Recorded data
---------------

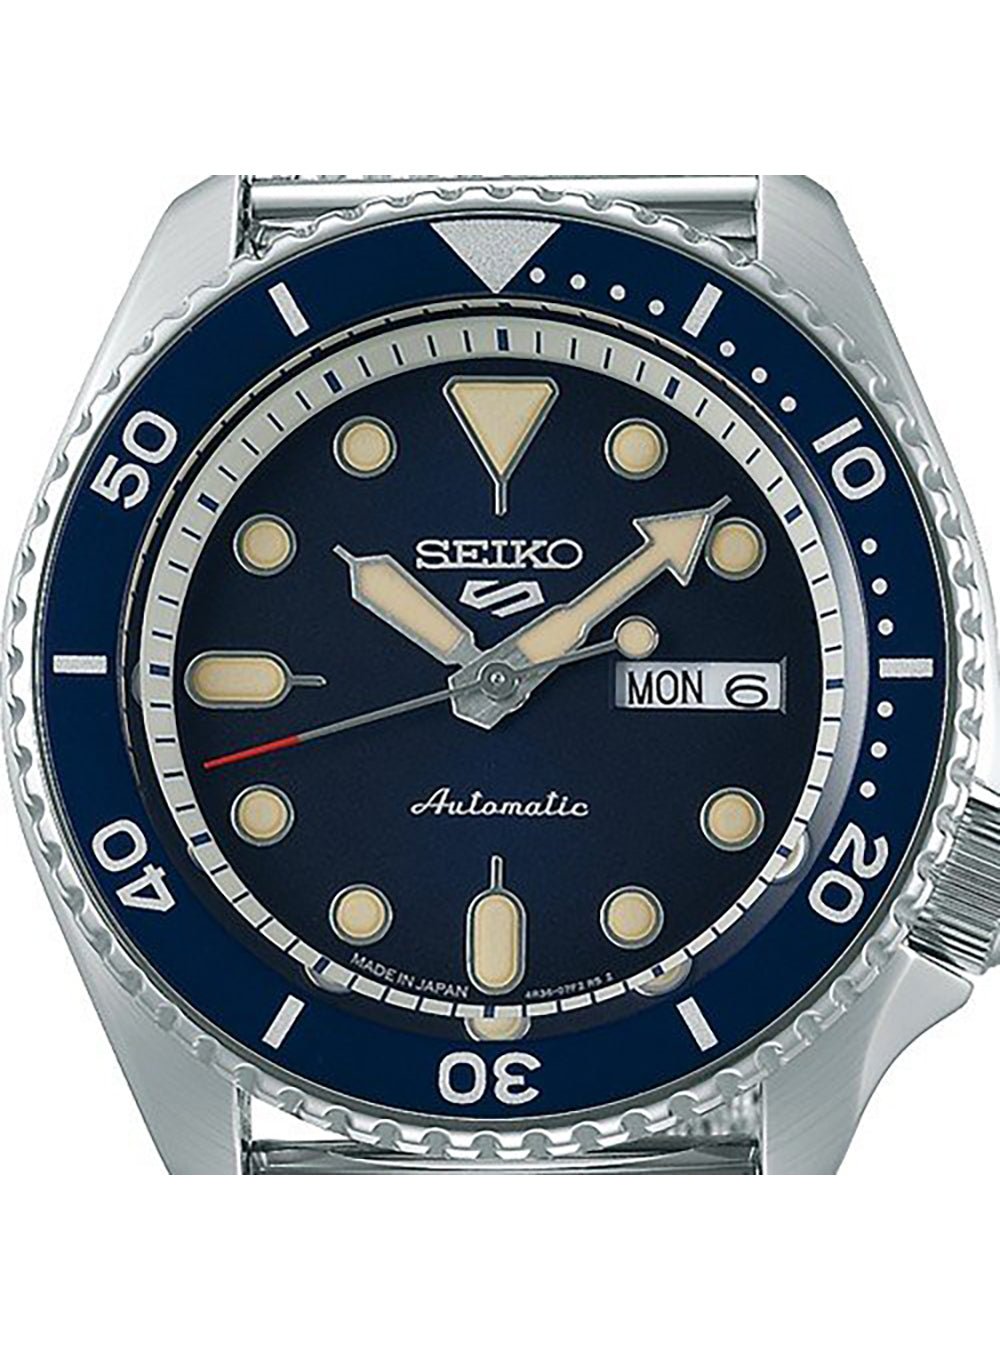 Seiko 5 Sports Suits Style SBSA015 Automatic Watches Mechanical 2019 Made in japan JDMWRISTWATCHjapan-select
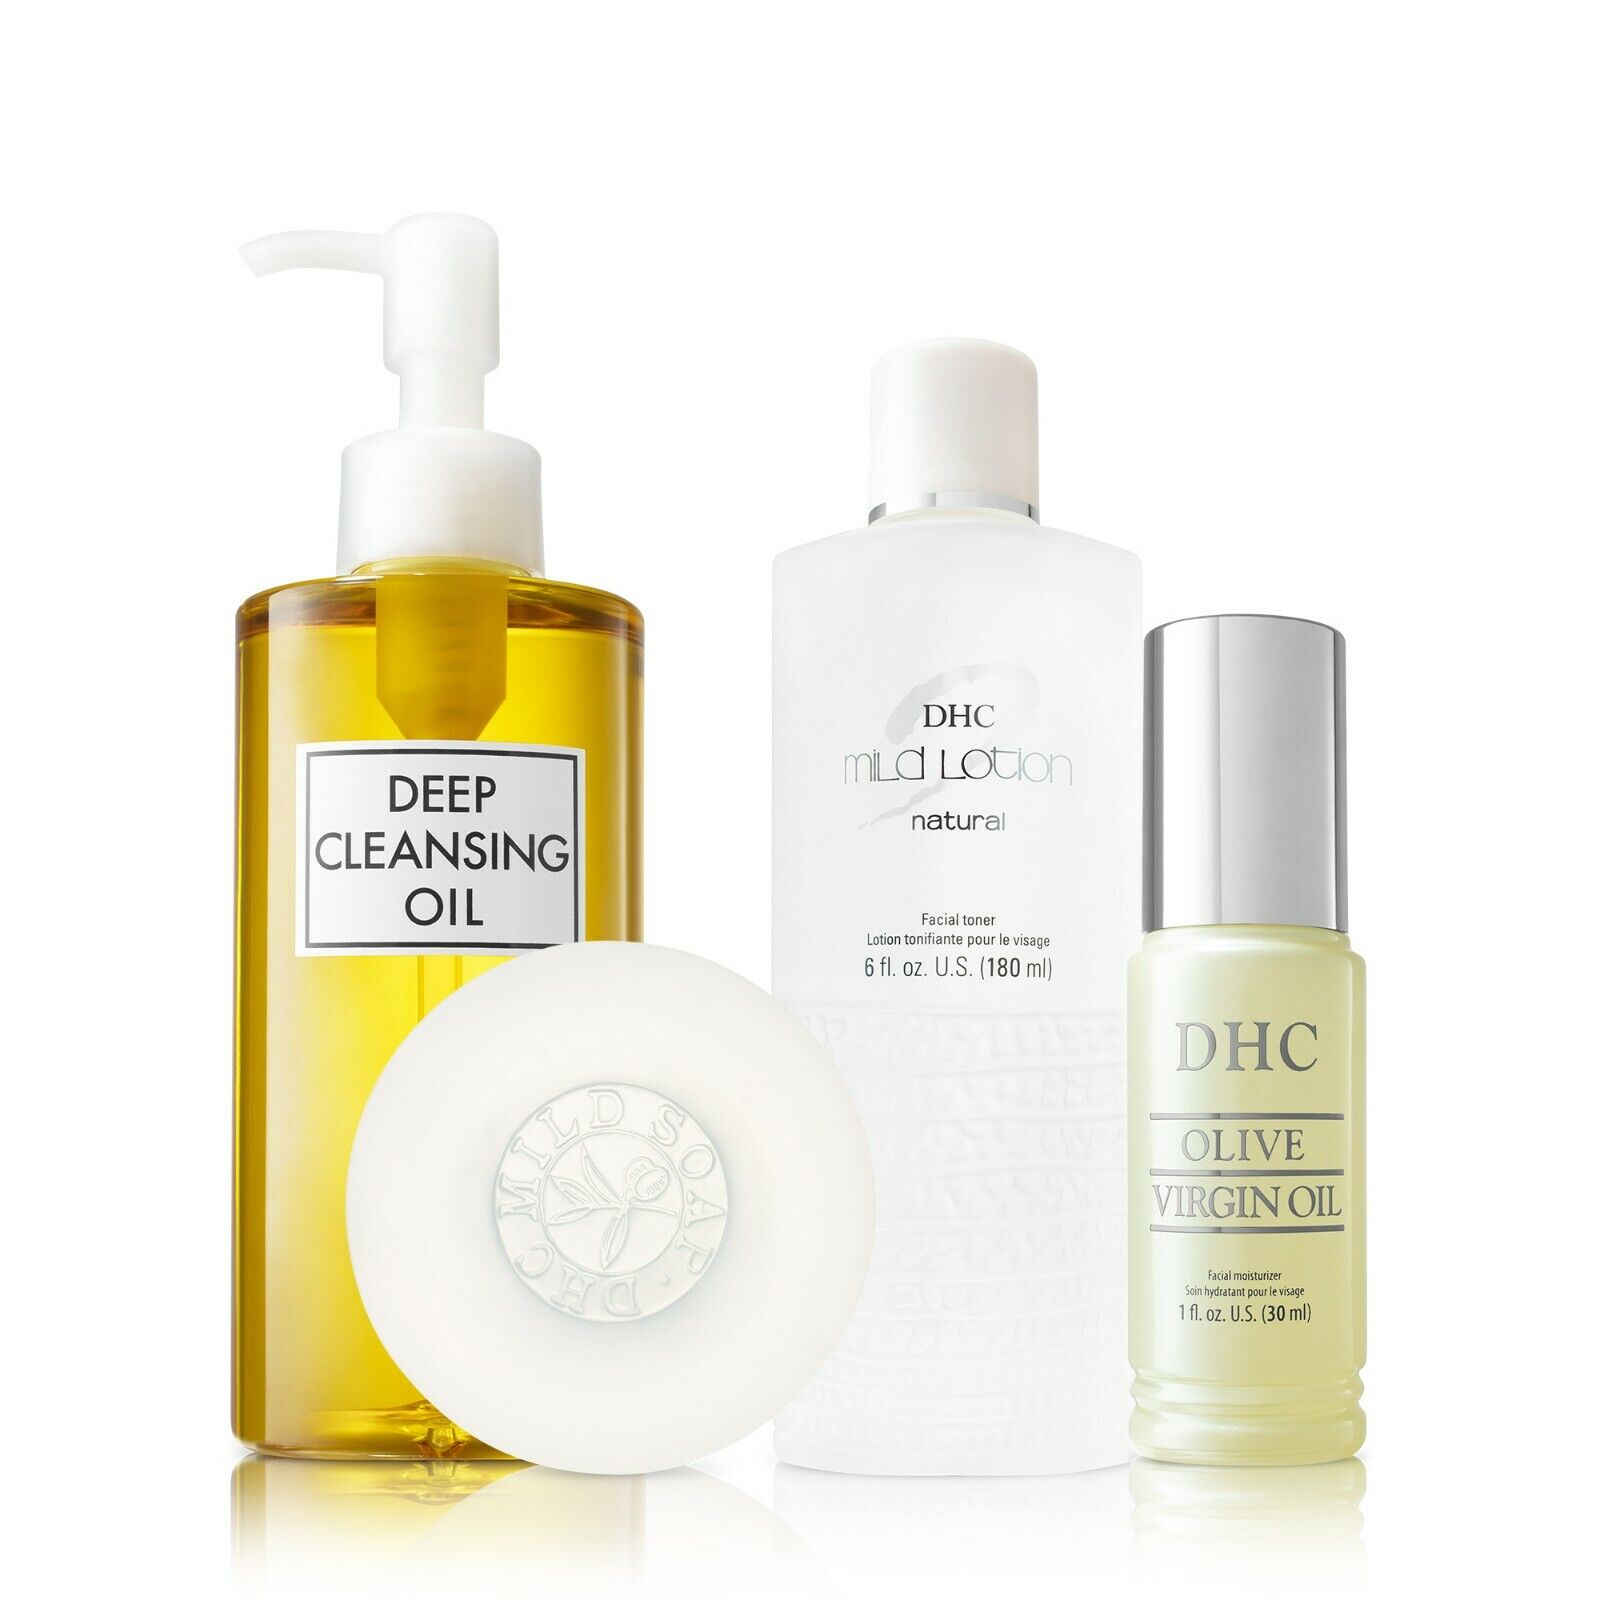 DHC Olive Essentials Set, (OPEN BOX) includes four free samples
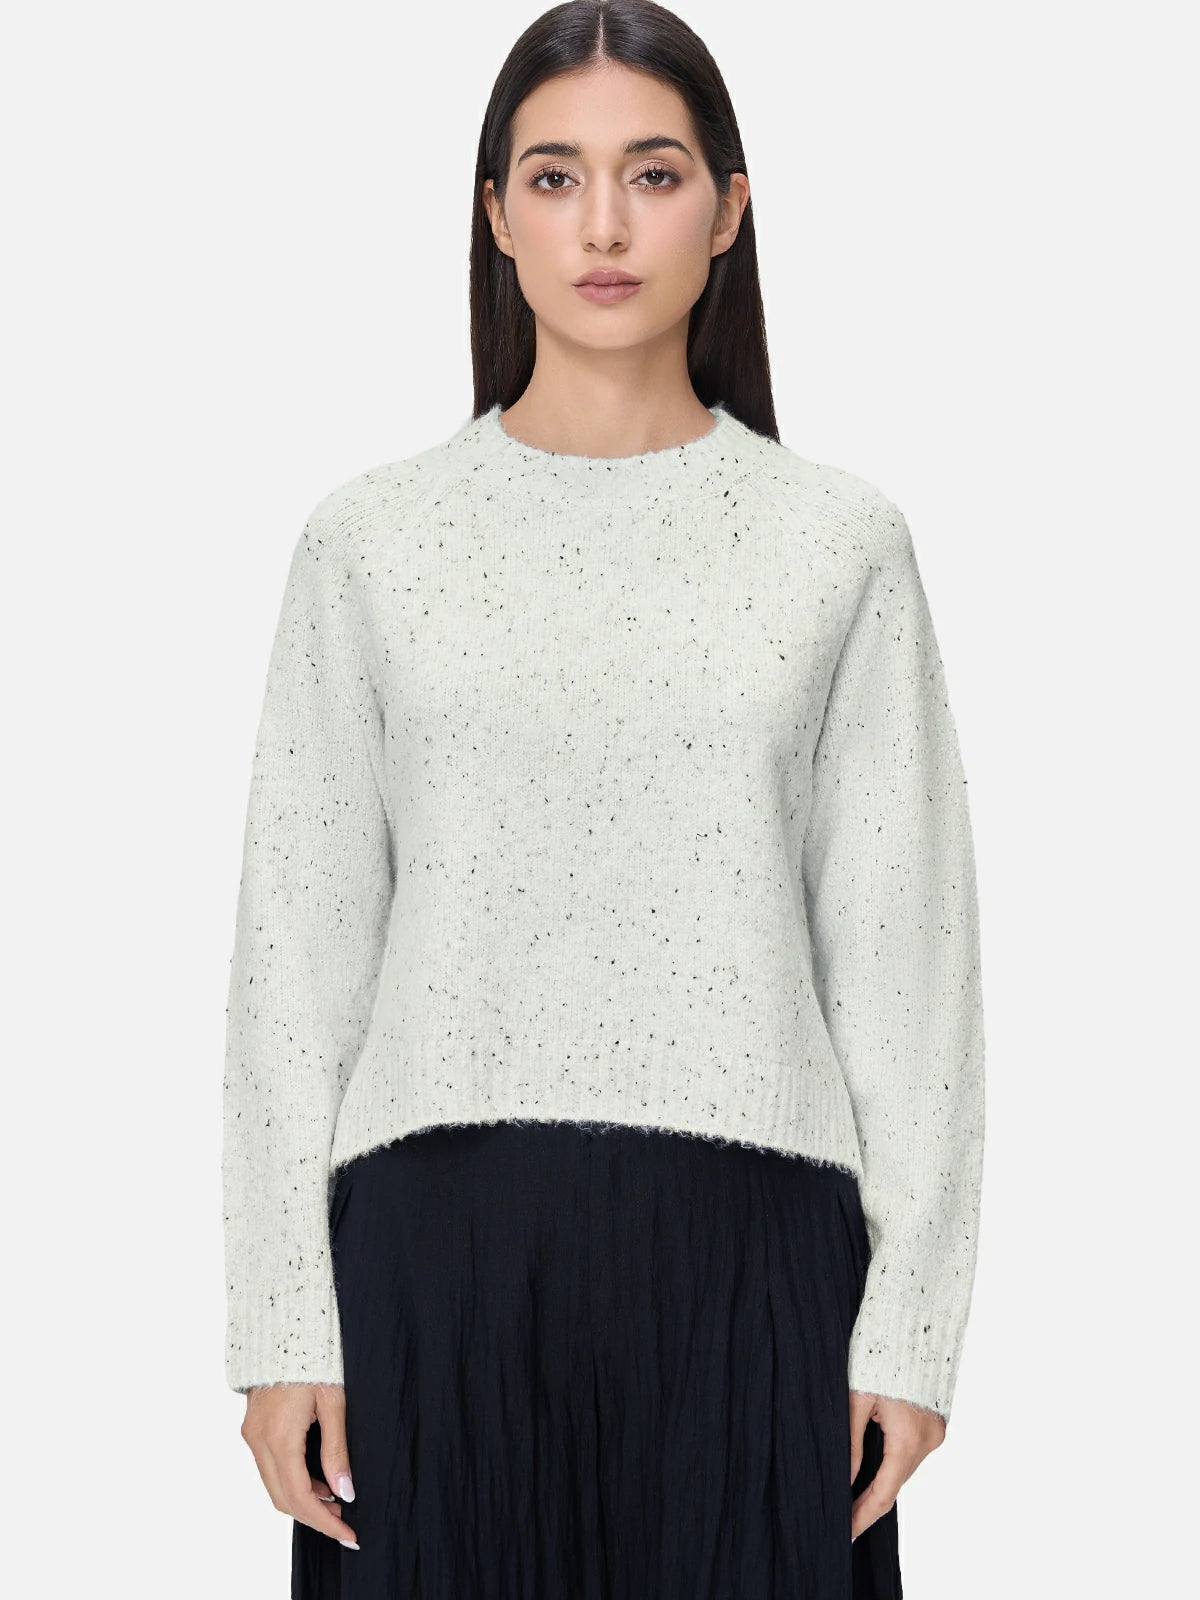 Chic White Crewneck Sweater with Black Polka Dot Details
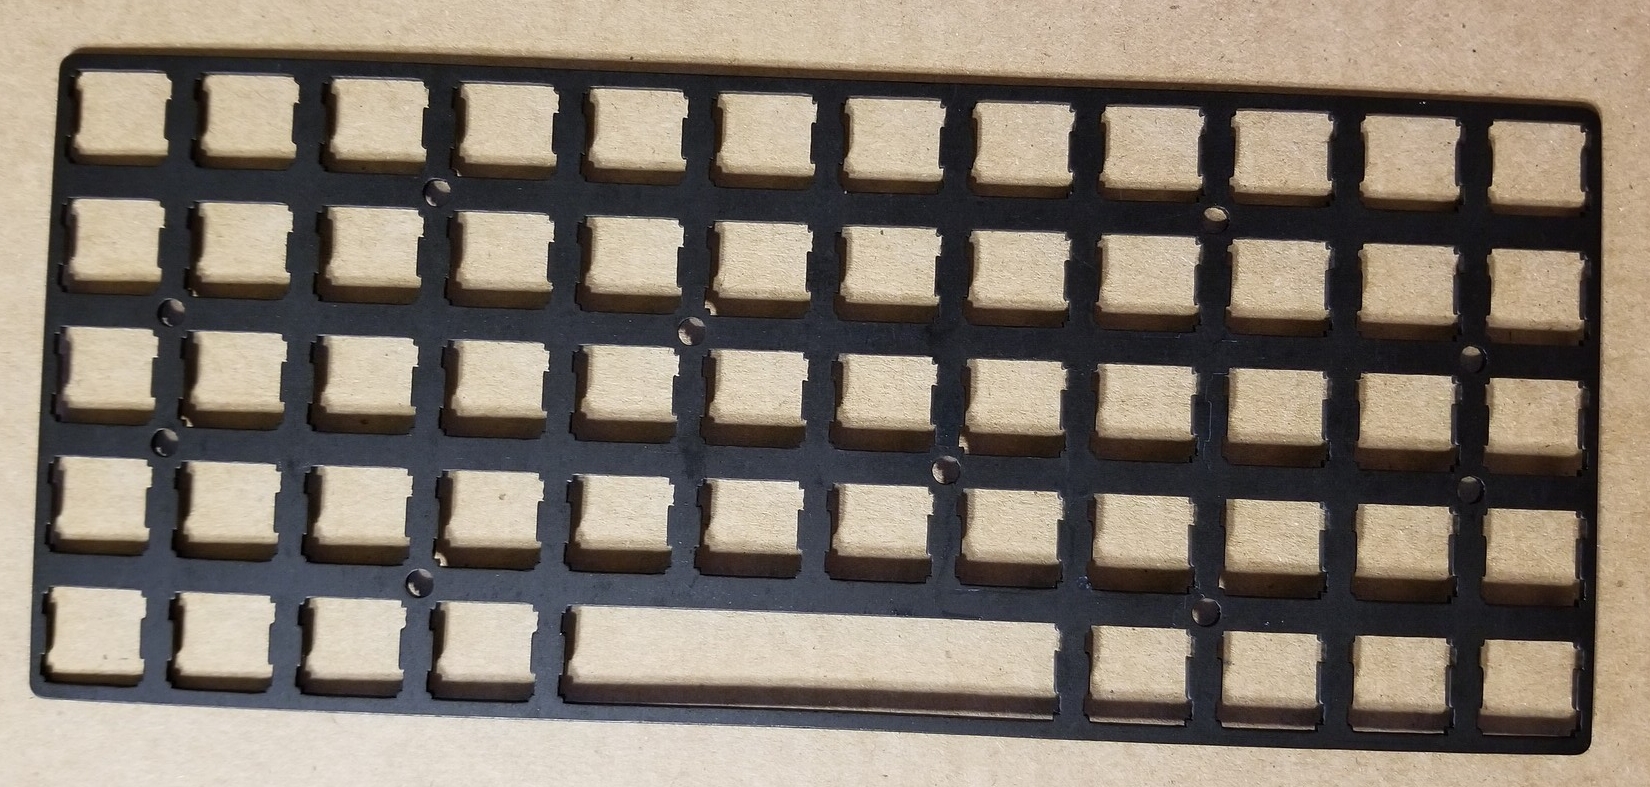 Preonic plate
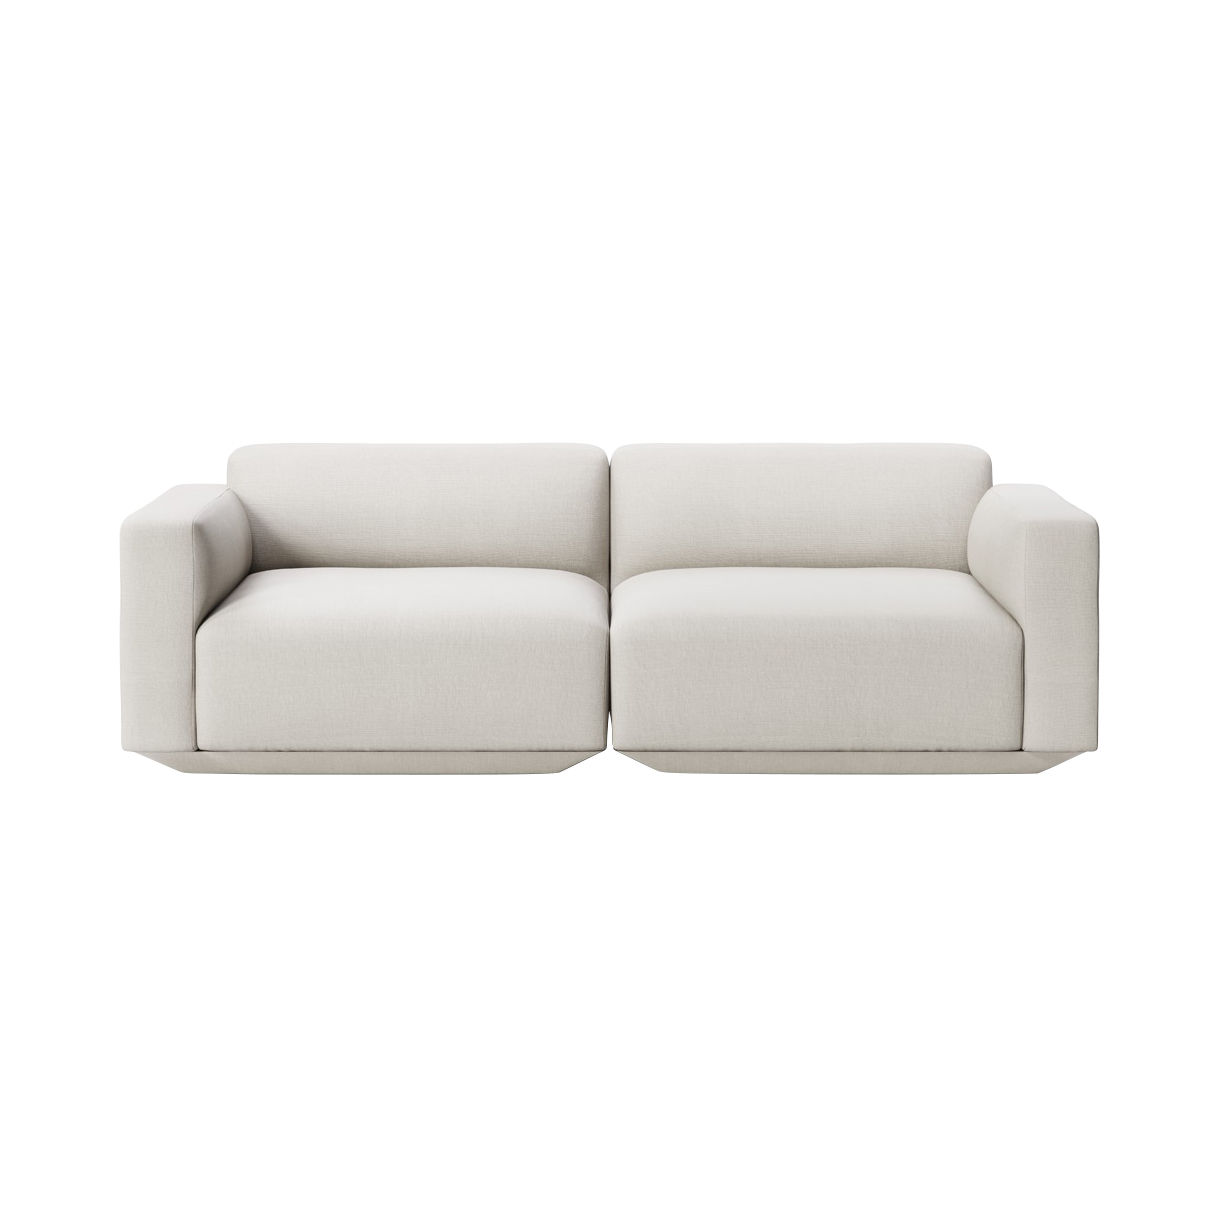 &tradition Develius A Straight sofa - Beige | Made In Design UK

---------------

■ EXERCISE DESCRIPTION: Output the data exactly as it appears. The pictures do not belong in it.

■ OUTPUT OF THE EXERCISE:
 Seiko 5 Sports Suits Style SBSA015 Automatic Watches Mechanical 2019 Made in japan JDMWRISTWATCHjapan-select
 DHC Olive Essentials Set, (OPEN BOX) includes four free samples
 Chic White Crewneck Sweater with Black Polka Dot Details
 Preonic plate
 &tradition Develius A Straight sofa - Beige | Made In Design UK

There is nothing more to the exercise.